# GIVEN RECORDS:
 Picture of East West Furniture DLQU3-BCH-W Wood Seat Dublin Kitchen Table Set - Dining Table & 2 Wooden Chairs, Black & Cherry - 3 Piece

...

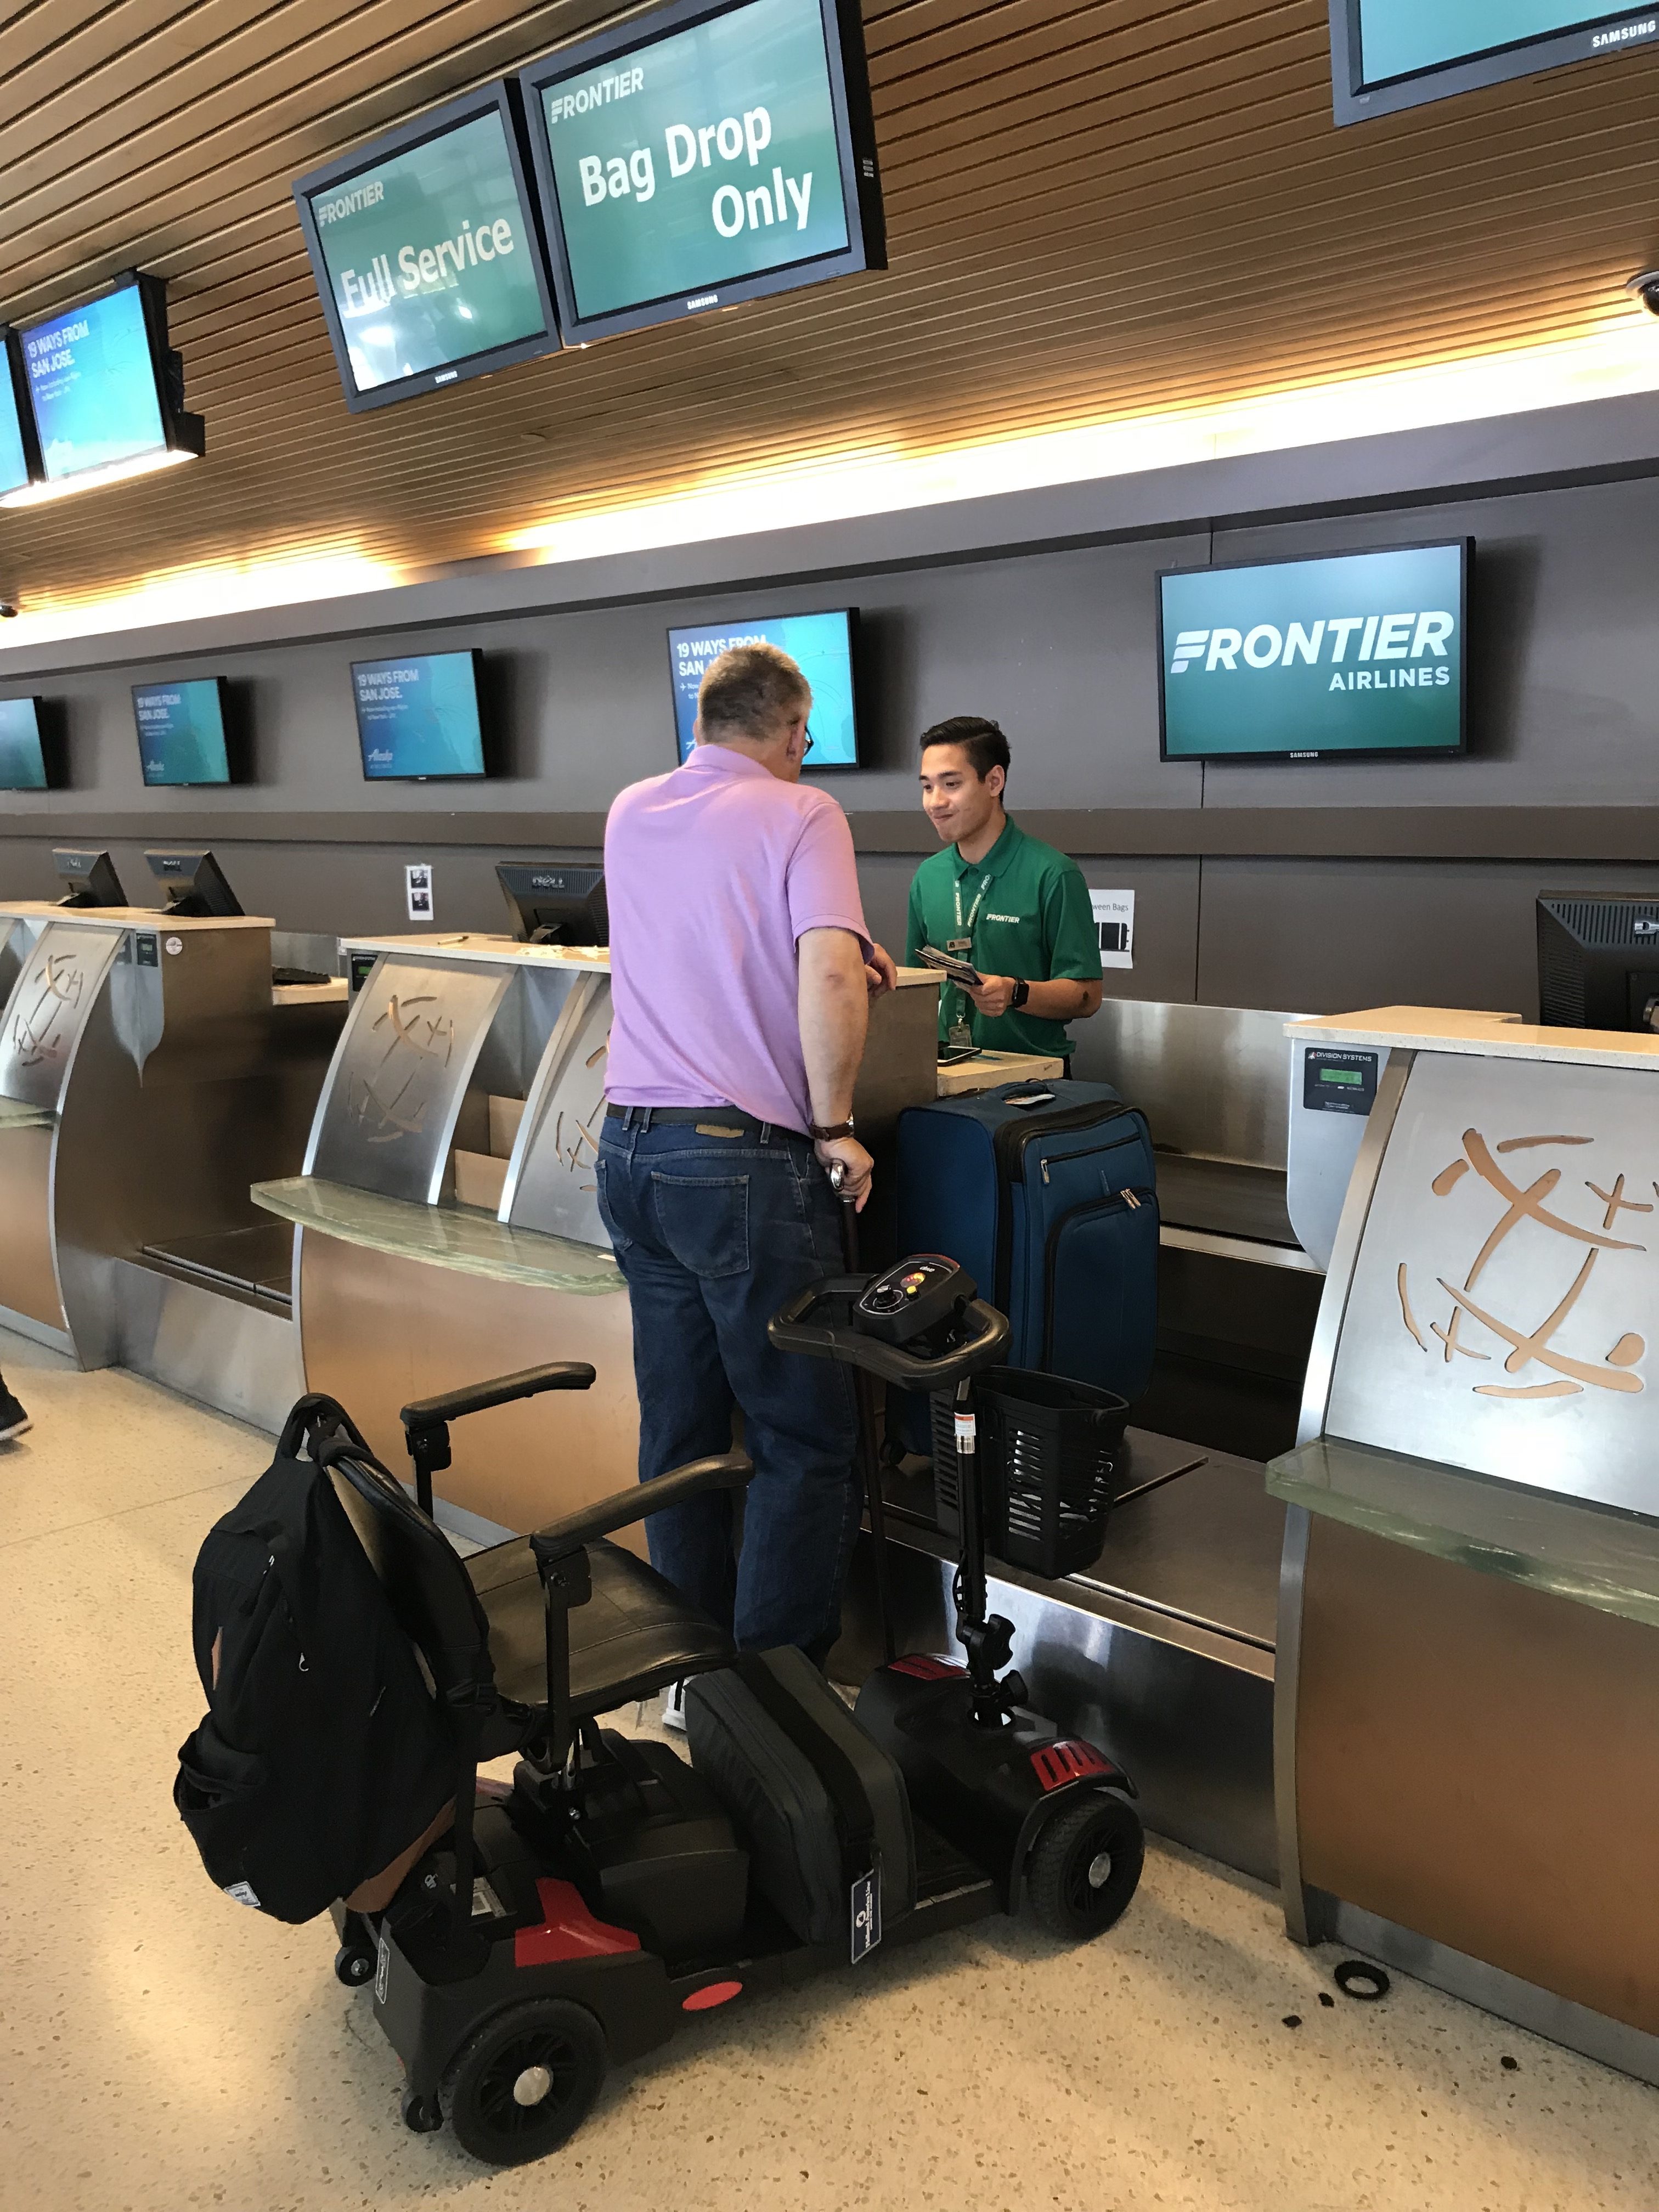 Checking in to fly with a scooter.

---

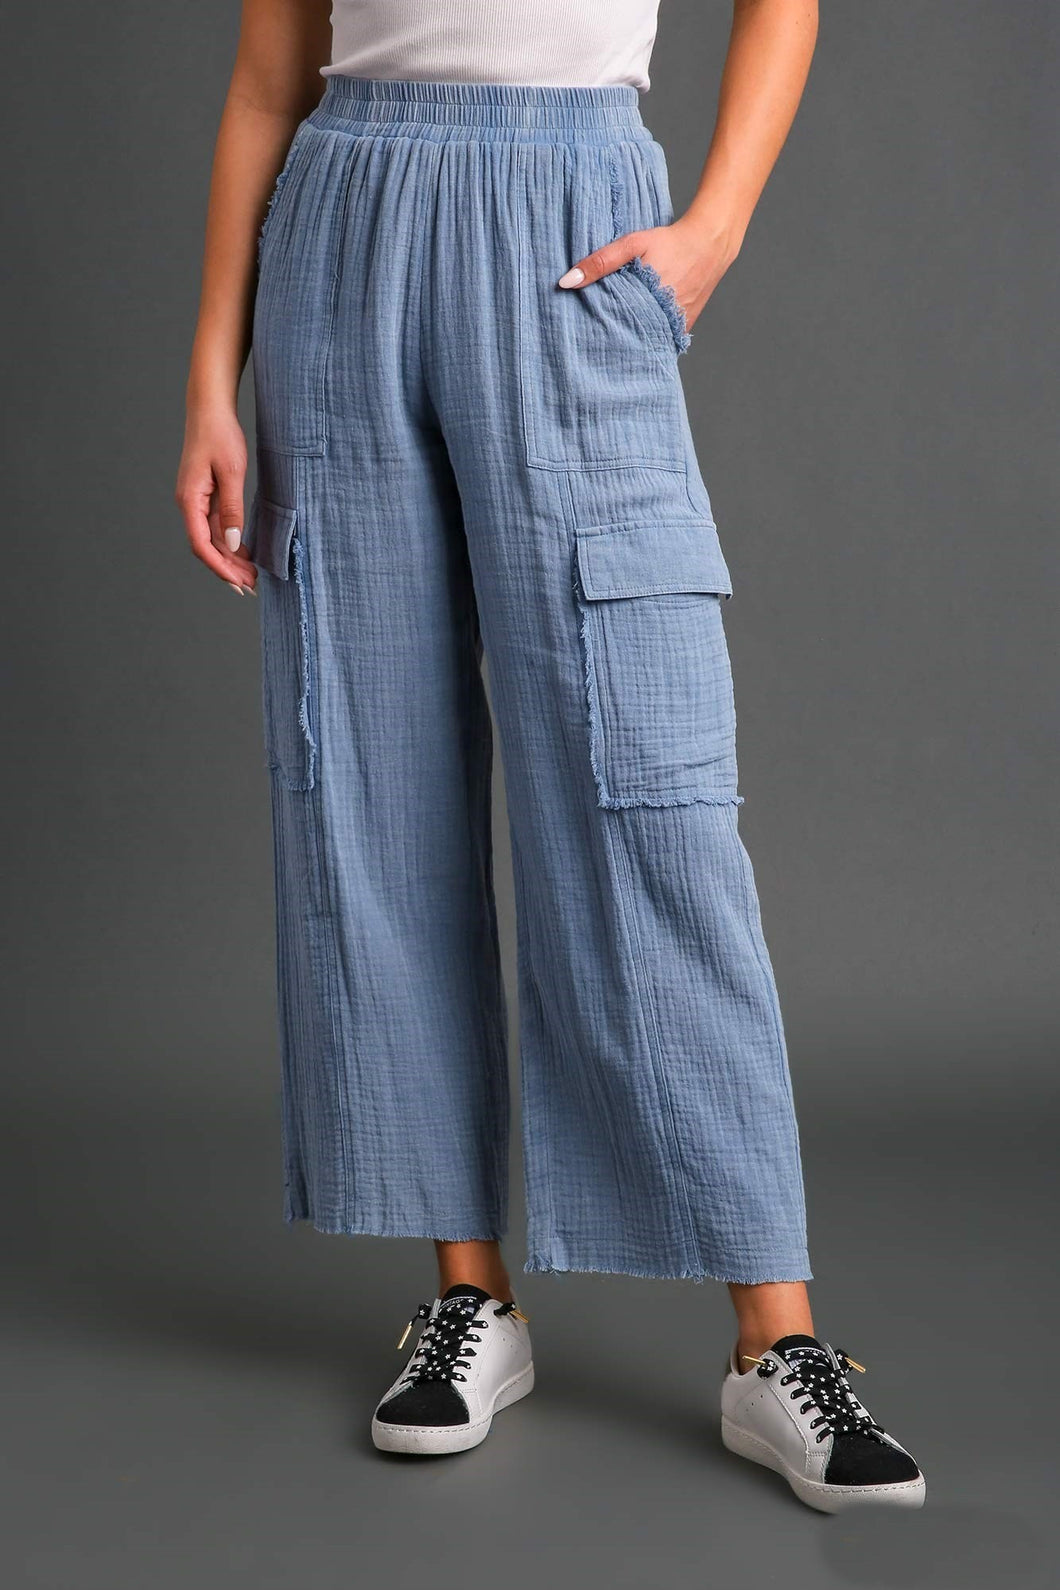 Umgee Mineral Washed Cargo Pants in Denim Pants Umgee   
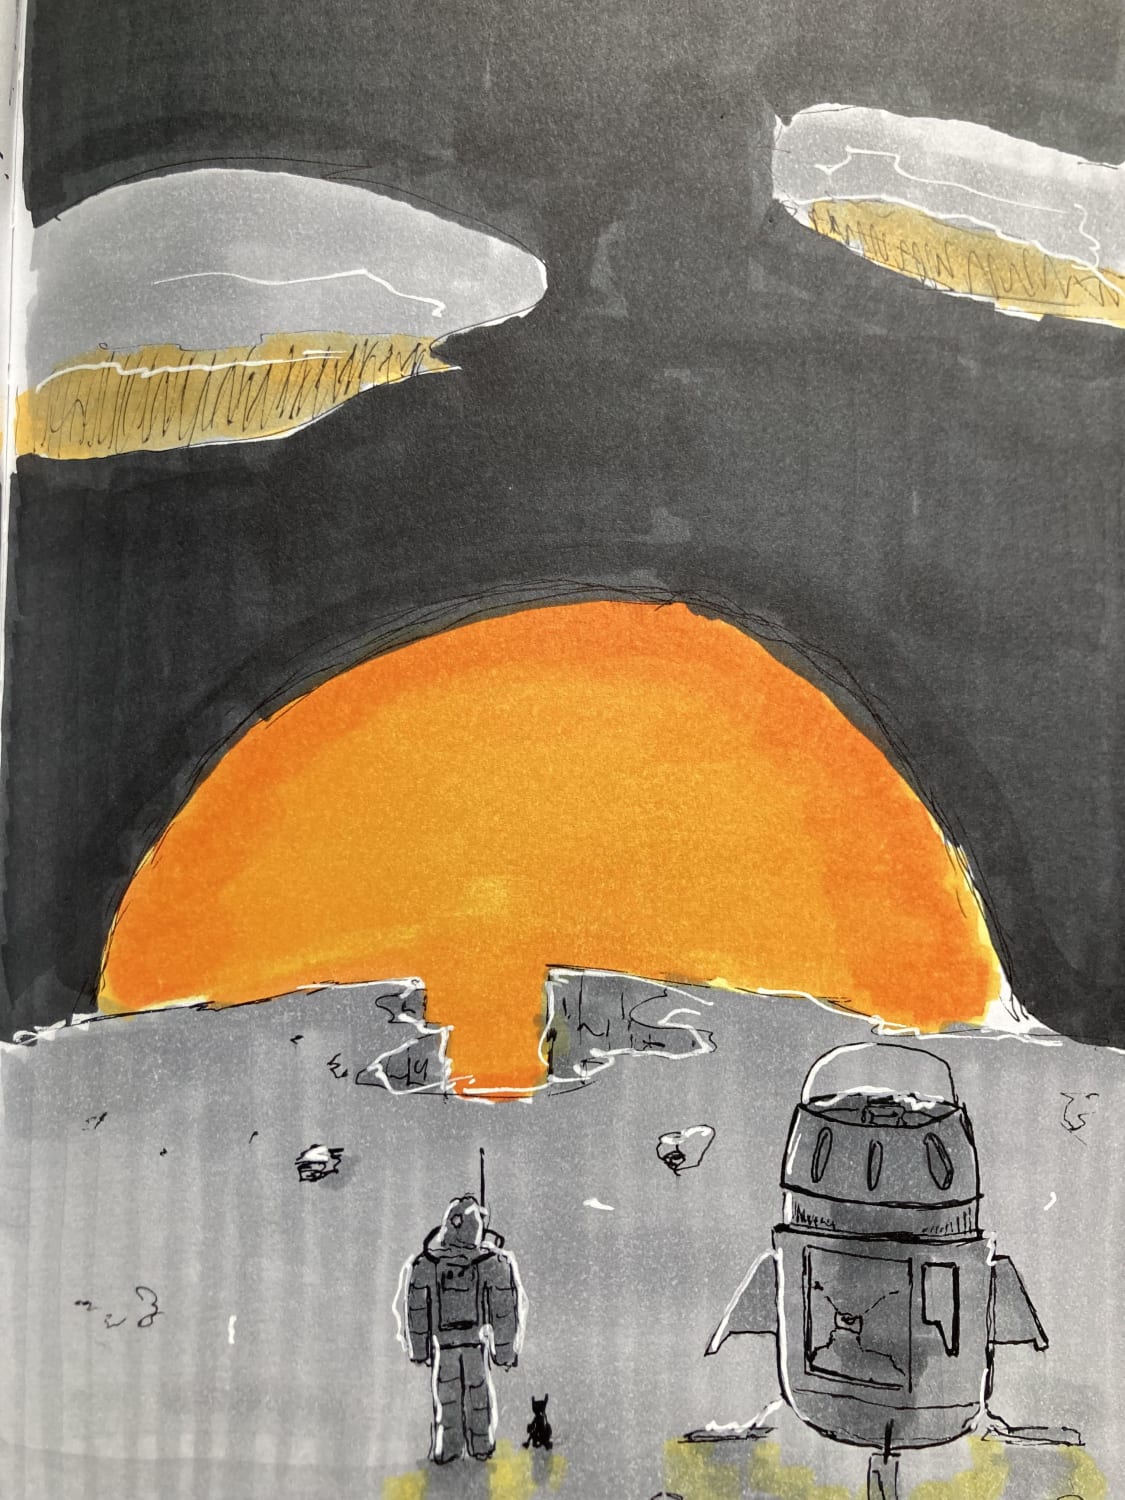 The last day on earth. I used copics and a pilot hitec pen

# EXERCISE AIM:
Extract from the material above the stretch running from the line containing "Umgee Mineral Washed" through the line containing "The last day". Keep the text exact and the pictures out.

# REPLY TO THE TASK:
 Umgee Mineral Washed Cargo Pants in Denim Pants Umgee   
 The last day on earth. I used copics and a pilot hitec pen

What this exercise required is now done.